Table 1. Classification of antibiotic resistance threats.

Evidence of various factors leading to the development of antibiotic resistance, followed by route of entry of drug-resistant pathogens into the food chain, and a plethora of alternative strategies to mitigate the menace of antibiotic resistance for a healthier future is reviewed .

2. Drug Resistance Continuum

Antibiotic resistance appeared soon after clinical use of antibiotics, because microorganisms are evolving rapidly to endure and proliferate in unfavourable environments. Sulphonamide-resistant Streptococcus pyogenes appeared in the human clinical settings in early 1930s, while penicillin-resistant S. pyogenes was noted in the 1940s. The problem of multidrug-resistant enteric bacteria became noticeable in the 1950s [19]. Antibiotic resistance develops as a result of transmittion of advantageous mutations to progeny (vertical evolution) or to another bacteria via conjugation, transduction, or transformation mode (horizontal evolution) (Figure 2). Human pathogens use horizontal gene transfer is an important mechanism of antibiotic resistance gene (ARG) acquisition among microorganisms along with the vertical transfer [20]. A decade ago, an ARG, the New Delhi metallo-β-lactamase 1 (NDM-1) was identified in single isolates of K. pneumonia and Escherichia coli in a patient in New Delhi, India, who’s repatriatiation to Sweden [21] led to the spread of antibiotic resistance worldwide [22,23]. NDM-1 has no detectable sequence homology with other classes of these genes, thus indicating their archaic origin [24,25]. Bacteria carrying extended spectrum β-lactamases (ESBL) impart resistance to penicillin and cephalosporins, extensively drug-resistant (XDR) Mycobacterium tuberculosis, and multi-drug resistant A. baumanni, Enterobacteriaceae, Neisseria gonorrhoea, and P. aeruginosa [26,27].

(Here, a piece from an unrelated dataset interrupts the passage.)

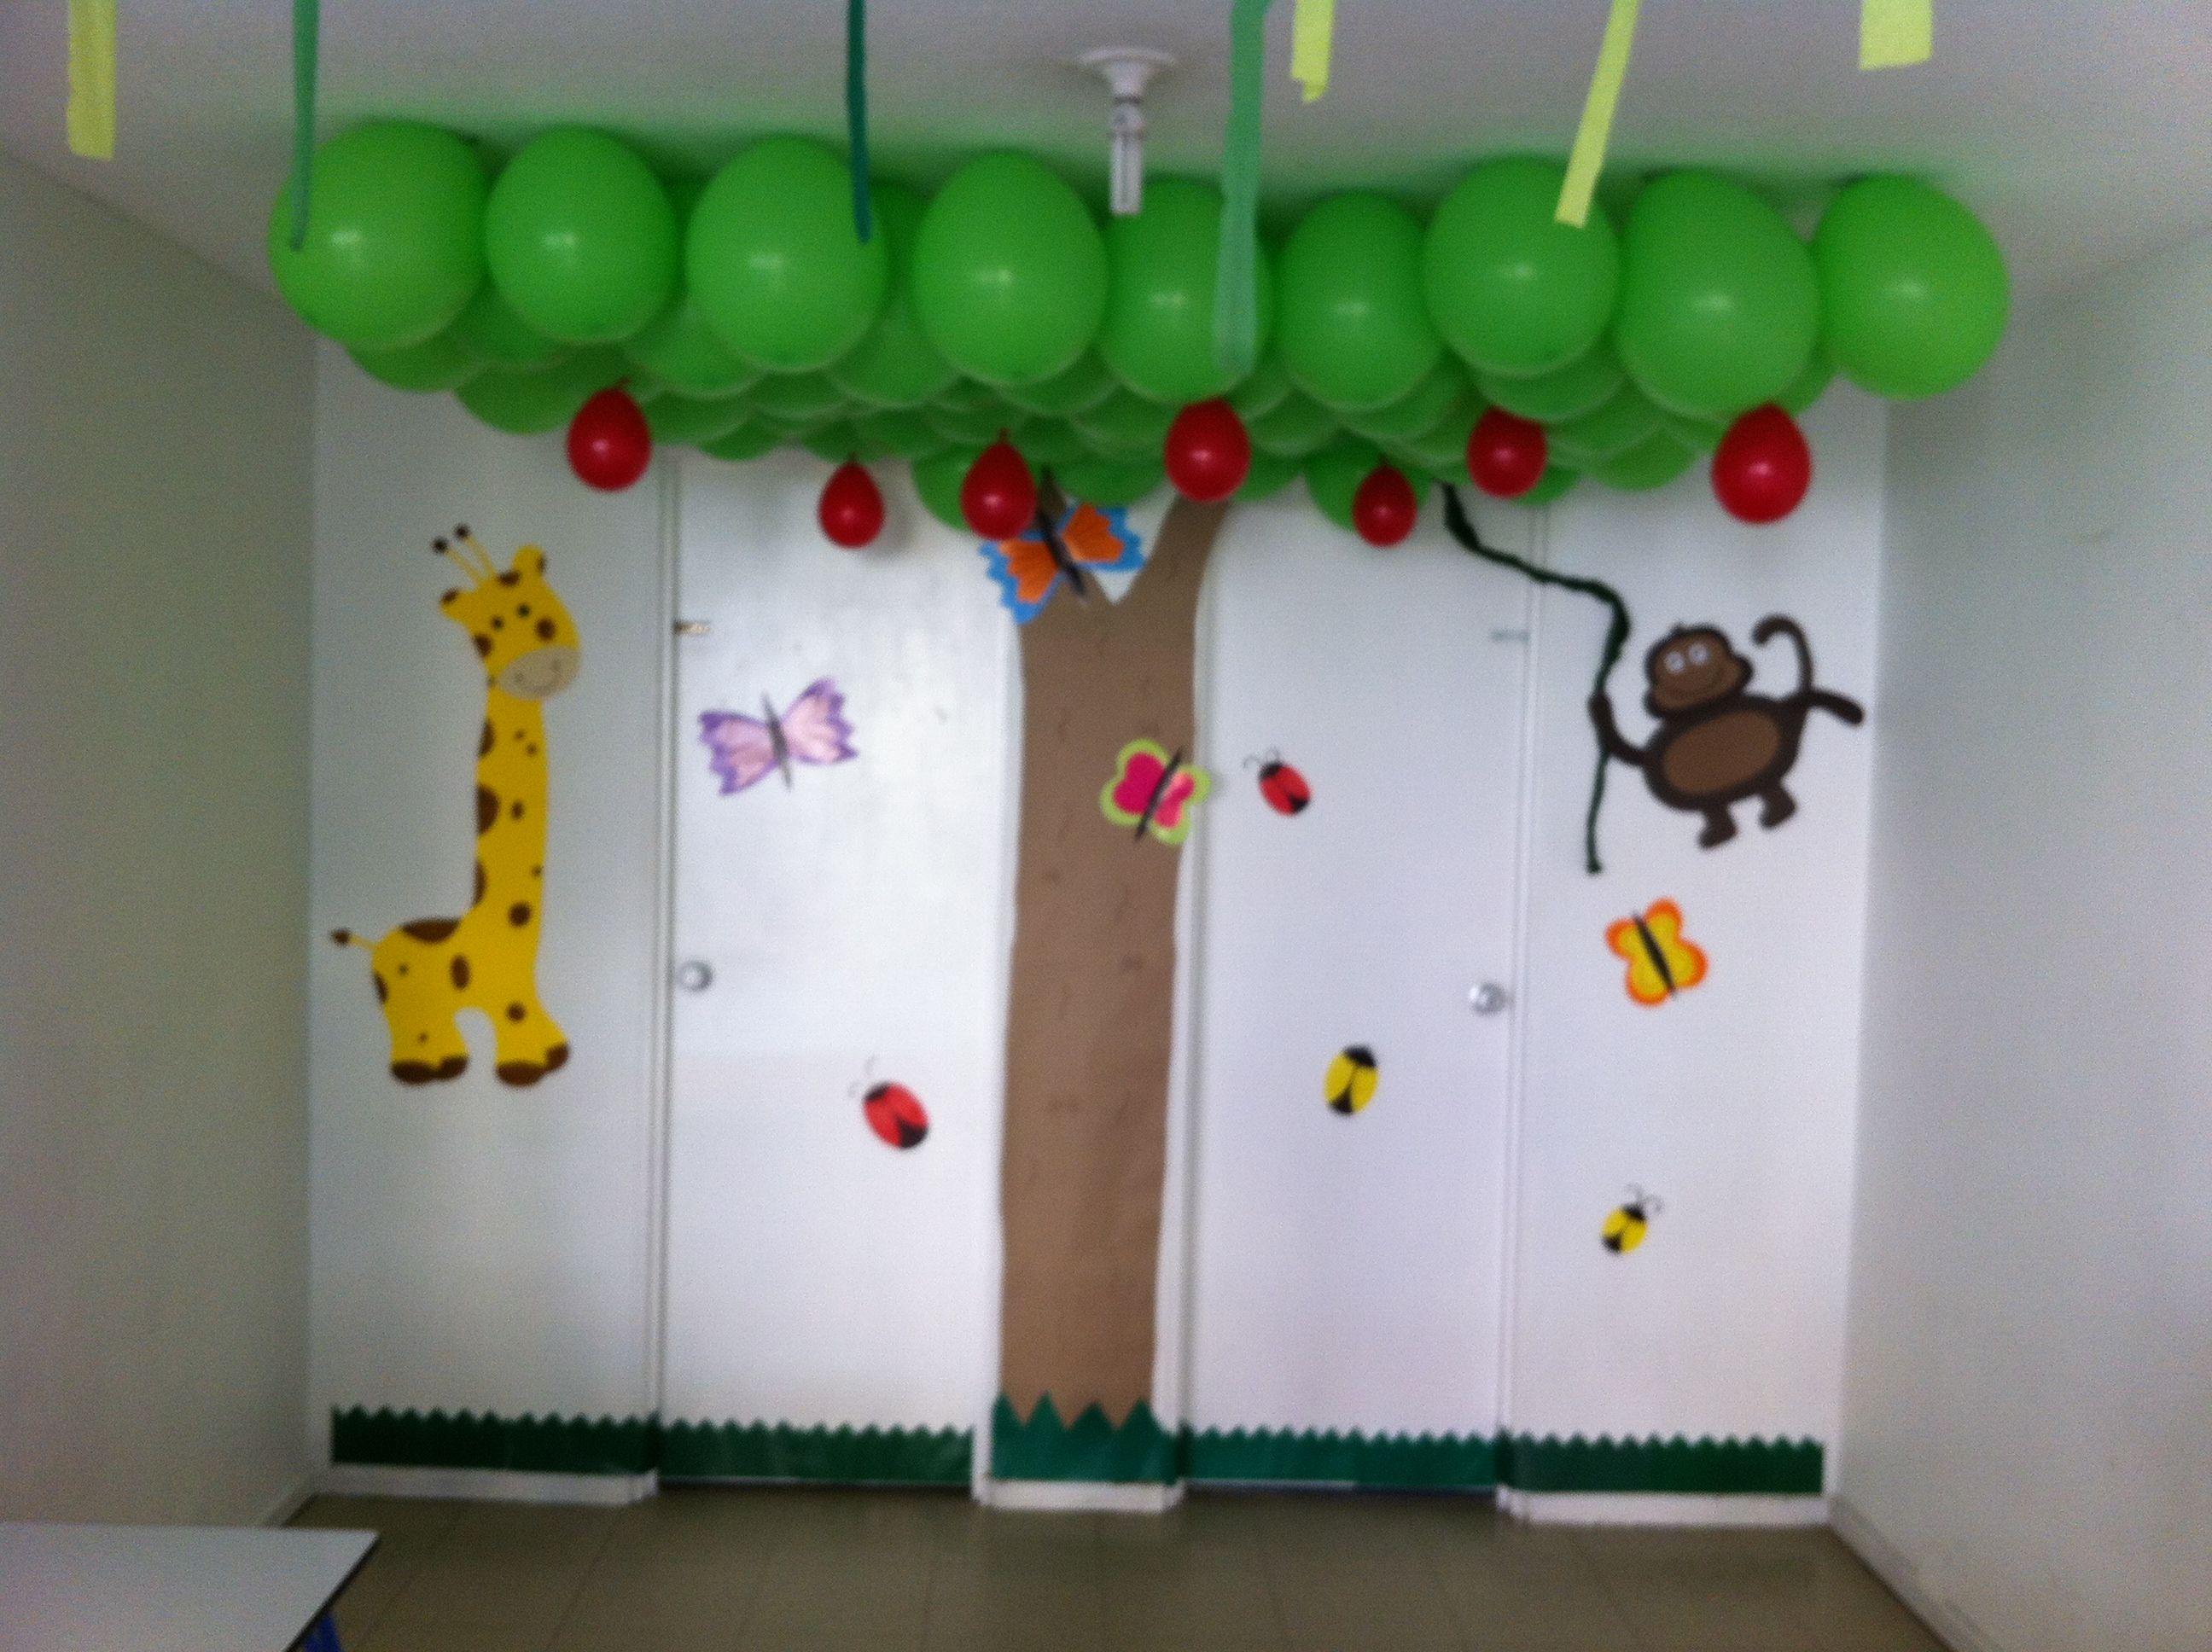 Decoraci n de aula infantil decoraci n atividades para for Decoracion puerta aula infantil

Figure 2. Mechanisms of horizontal and vertical transmission in bacteria for the development of antibiotic resistance. The left panel shows the horizontal transmission of an antibiotic resistant gene (ARG, red line indicated by a red arrow) by the three main mechanisms: conjugation, transformation, and transduction. Conjugation involves transfer of the ARG from a donor bacterium to a recipient by direct contact and plays a crucial role in dissemination of antibiotic resistance. Transformation involves uptake of the free DNA with the ARG from the environment. Transduction is a virus-mediated gene transfer by bacteriophages. The right panel shows the vertical evolution carried out by replication of bacteria containing the ARG.